NGOs hit back at Sarawak rep over warning to Penan community

A family from the Penan community in Bintulu, Sarawak, in this picture taken on Dec 2, 2015. (Bernama pic)

KUCHING: Sarawak NGOs have taken Telang Usan assemblyman Dennis Ngau to task for his recent call to the Penan community not to believe everything said by such groups, insisting that they are the real advocates of the Penans’ cause.

At an event on Monday, Ngau had said that wholly believing everything claimed by NGOs would jeopardise the harmony within the group and with other communities.

He also said that not all NGOs which visit longhouses and villages are aware of the exact situation on the ground.

Peter Kallang.

But Peter Kallang, chairman of SAVE River, said the groups’ visits to these places had in fact helped them understand the situation and difficulties faced by the Penan community.

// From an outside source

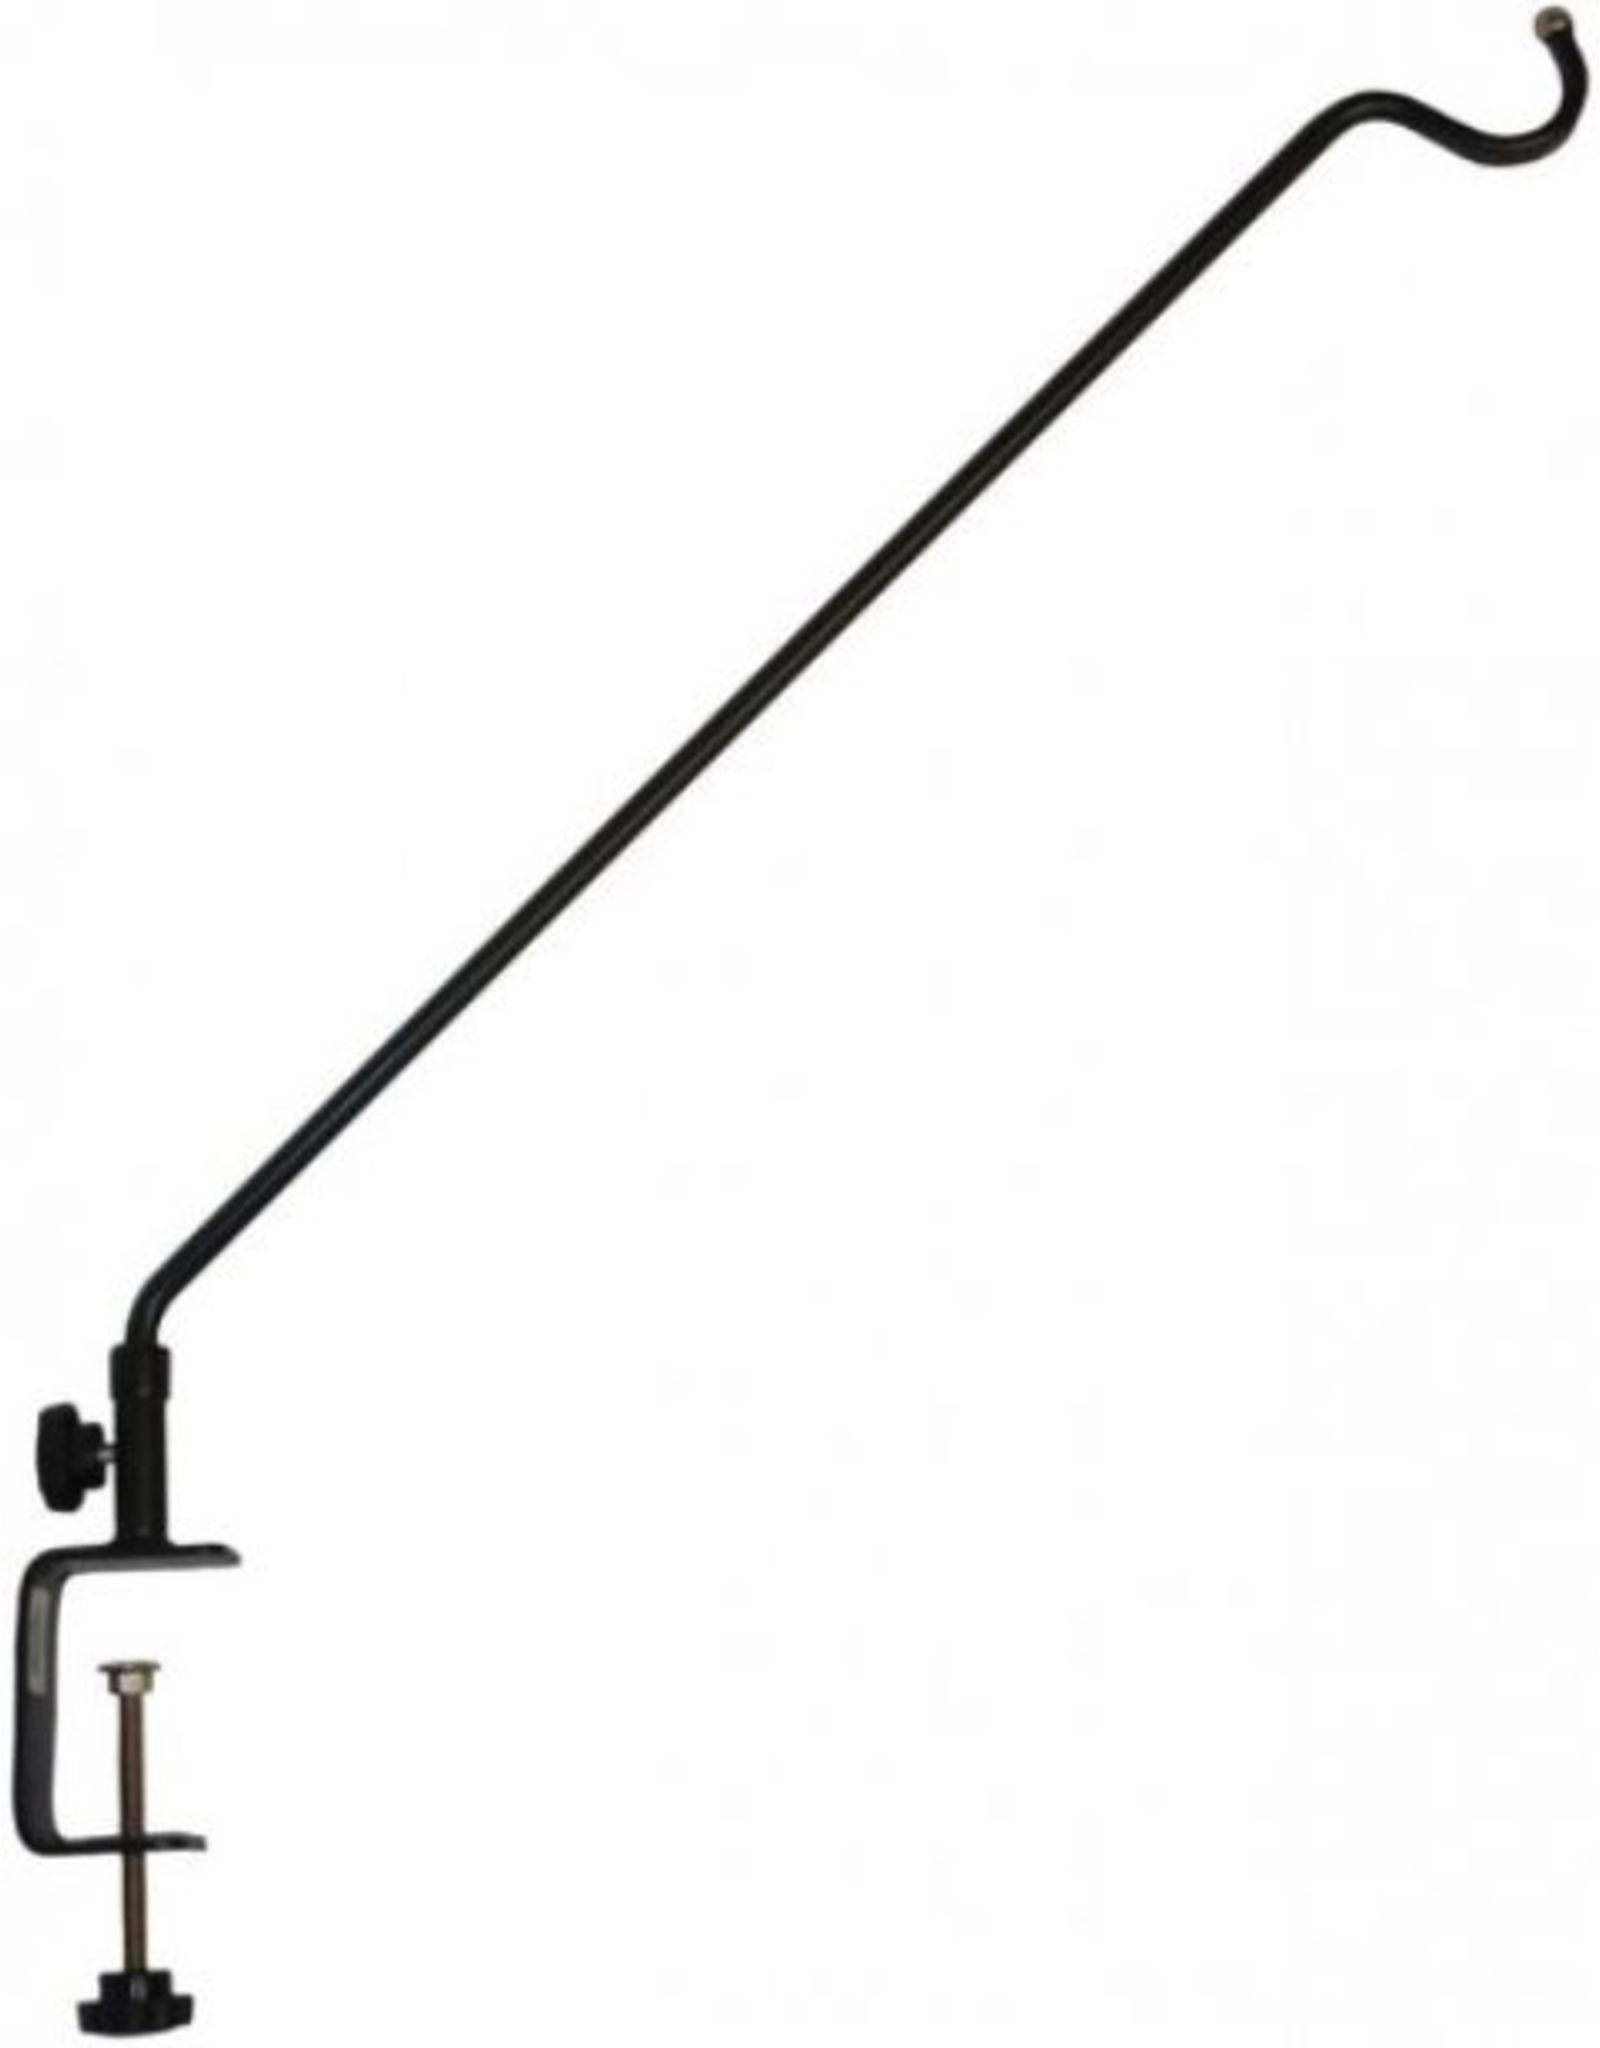 "Erva ETSRB3CL Swing Arm  w/clamp-37"" REACH"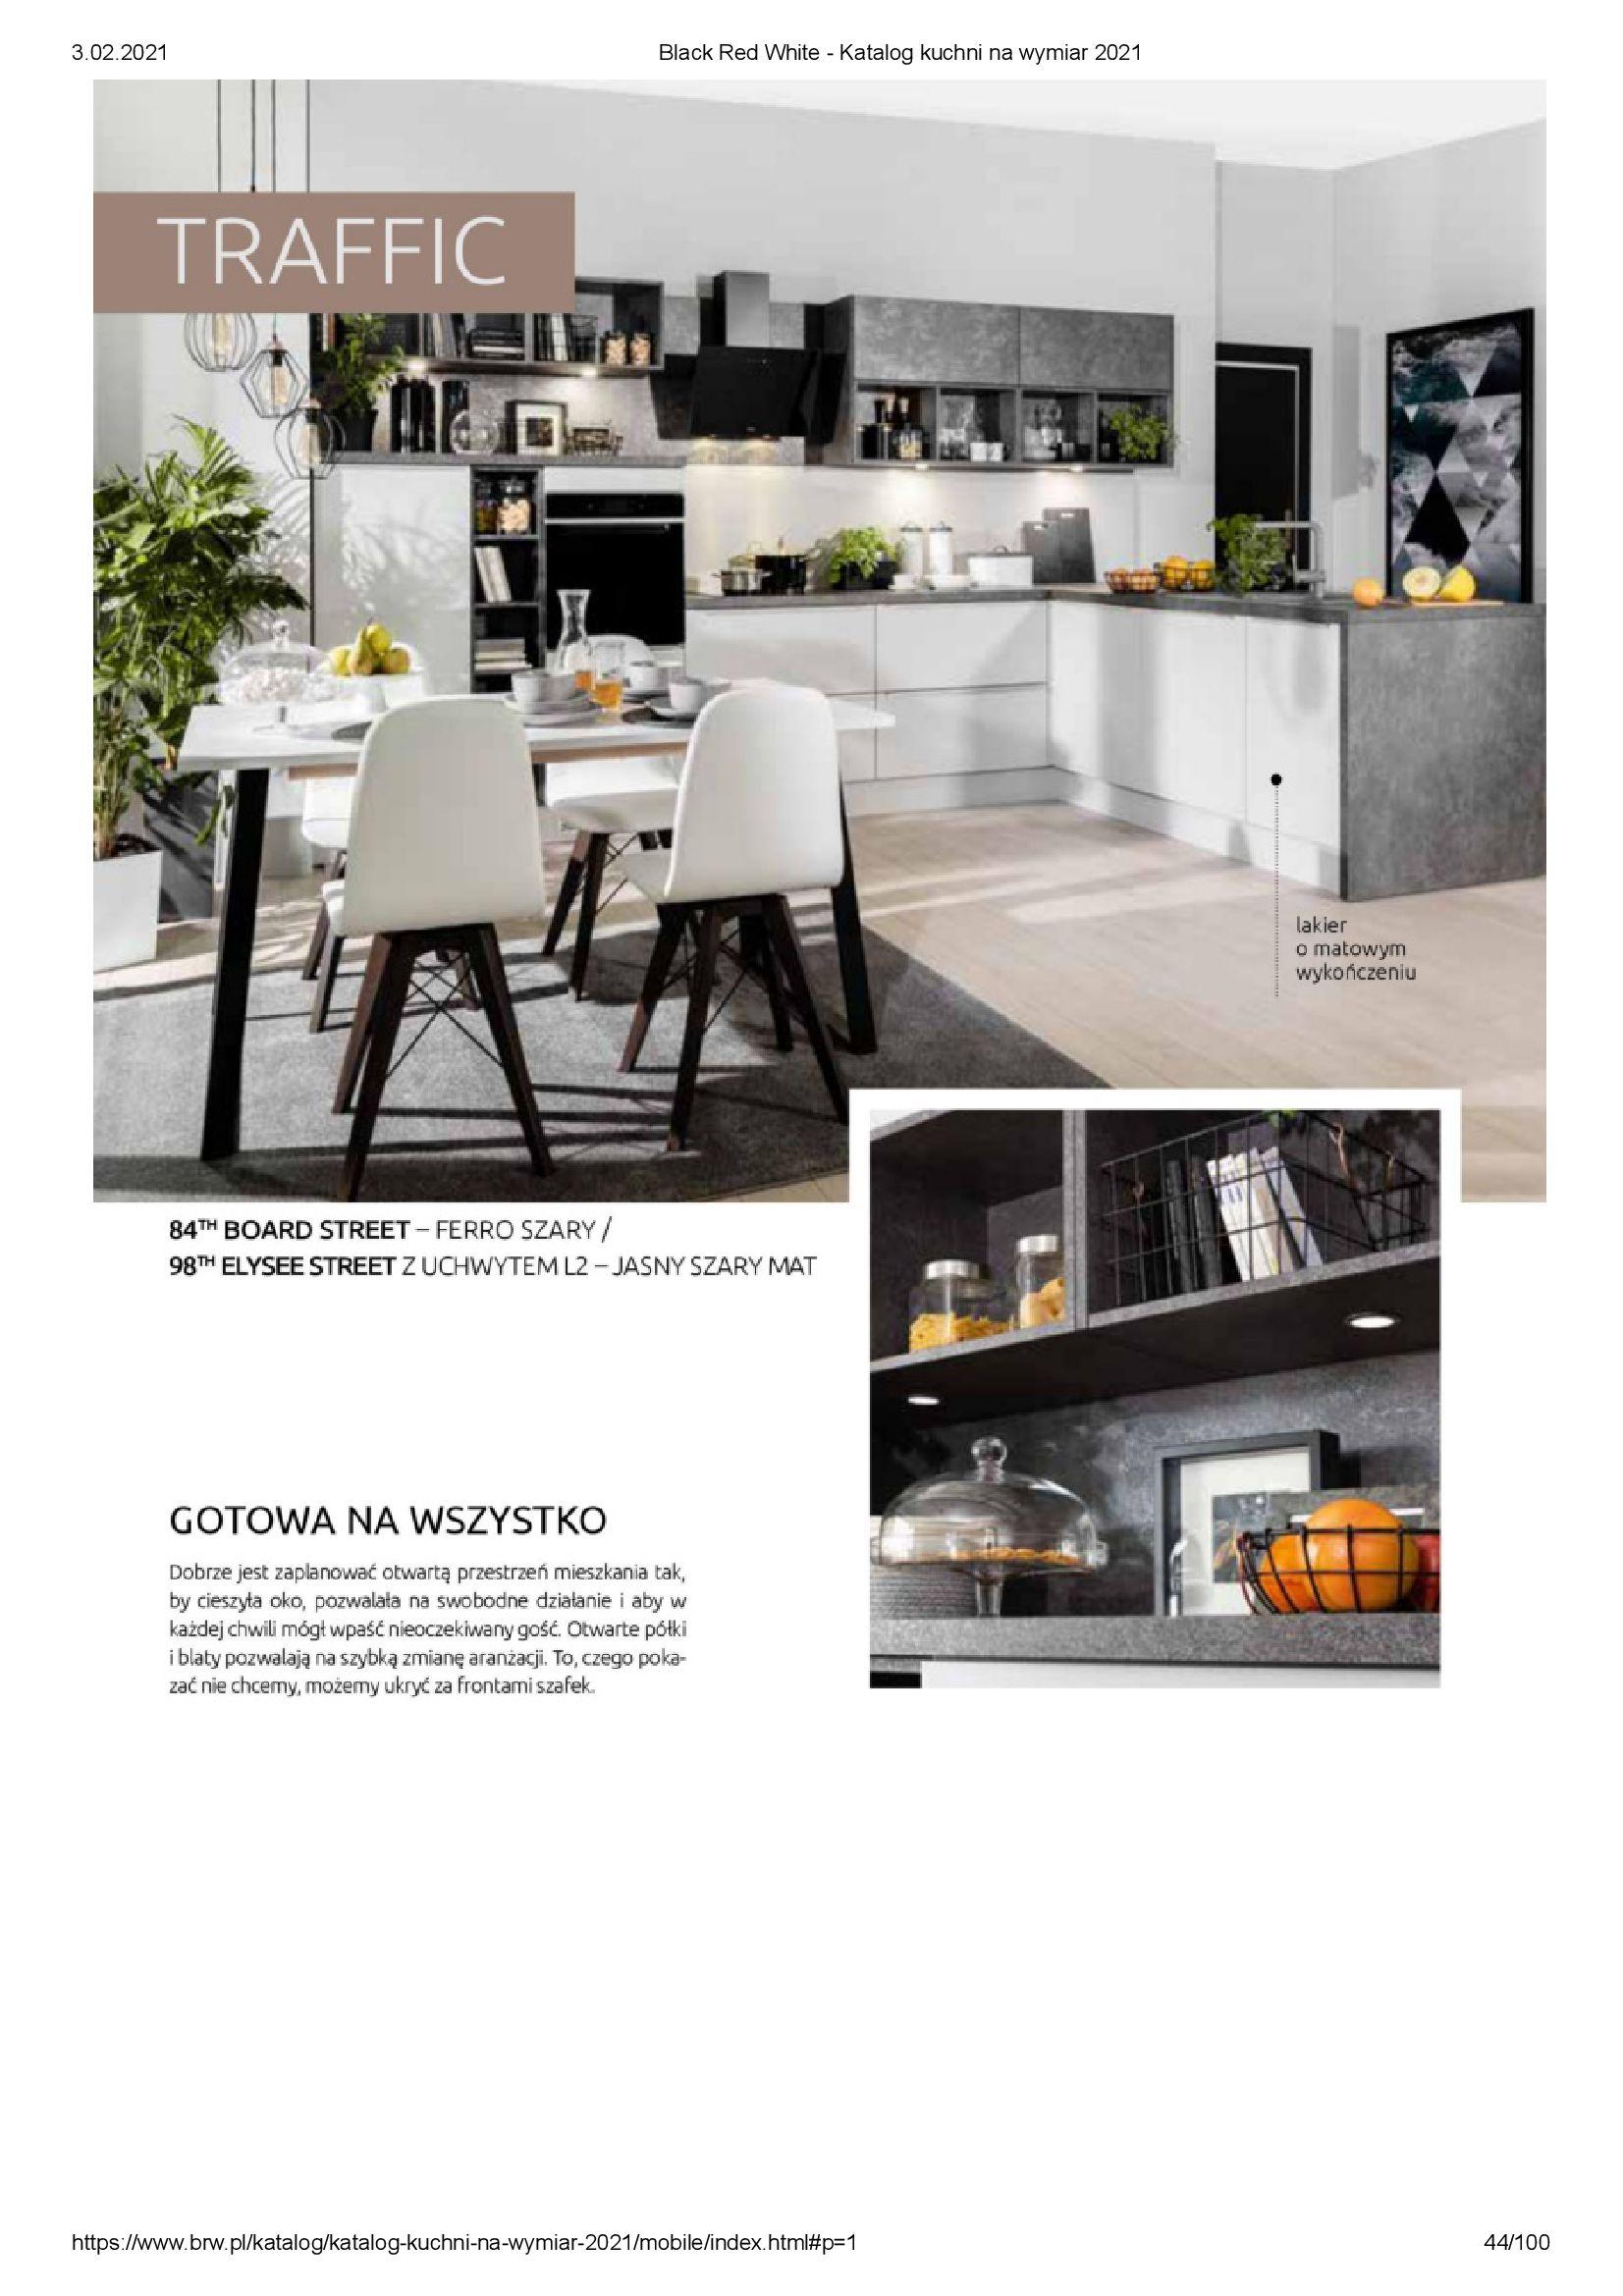 Gazetka Black Red White: Katalog - Kuchnie na wymiar Senso Kitchens 2021 2021-01-01 page-44

He also questioned the meaning of harmony and unity if the community’s welfare was ignored.

“They are being robbed of their livelihoods because of indiscriminate logging, the setting up of commercial plantations on their land, and pollution of the rivers,” he said.

Mark Bujang.

Mark Bujang of Borneo Resources Institute Malaysia Sarawak meanwhile said Ngau appeared to have failed to understand the role of the NGOs.

Unlike government organisations, he said, NGOs do not promote government policies.

“NGOs exist as a platform for disfranchised and discriminated communities to voice their concerns and grouses when the government fails to look after their interests.

“The Penan community has suffered all these years as they watched their ancestral land being taken over by loggers and converted into plantations.

“Some politicians in power have become rich while the Penans are trying to make ends meet,” he added.

PKR Baram chairman Roland Engan also denied that some NGOs were trying to manipulate the Penan community for political reasons.

“It’s not true,” he told FMT, adding that NGOs like SAVE Rivers, the Indigenous Peoples’ Network of Malaysia and the Penan Empowerment Networking Association (Pena) had been helping the community improve their economy and education and protect their land rights.

“Pena is doing a good job of assisting the Penan community overcome their stateless status,” he said.

Engan also said he looked forward to the setting up of a special task force by the federal government to tackle citizenship issues in the state, especially among the Penans.

He said PKR had also been discussing a plan to set up a radio service for the Penan community, which will be be presented to Communications and Multimedia Minister Gobind Singh Deo when he visits the area in October.

“For the Penan community to move forward and be on par with other communities, they must be connected with the right information through radio broadcasting,” he said.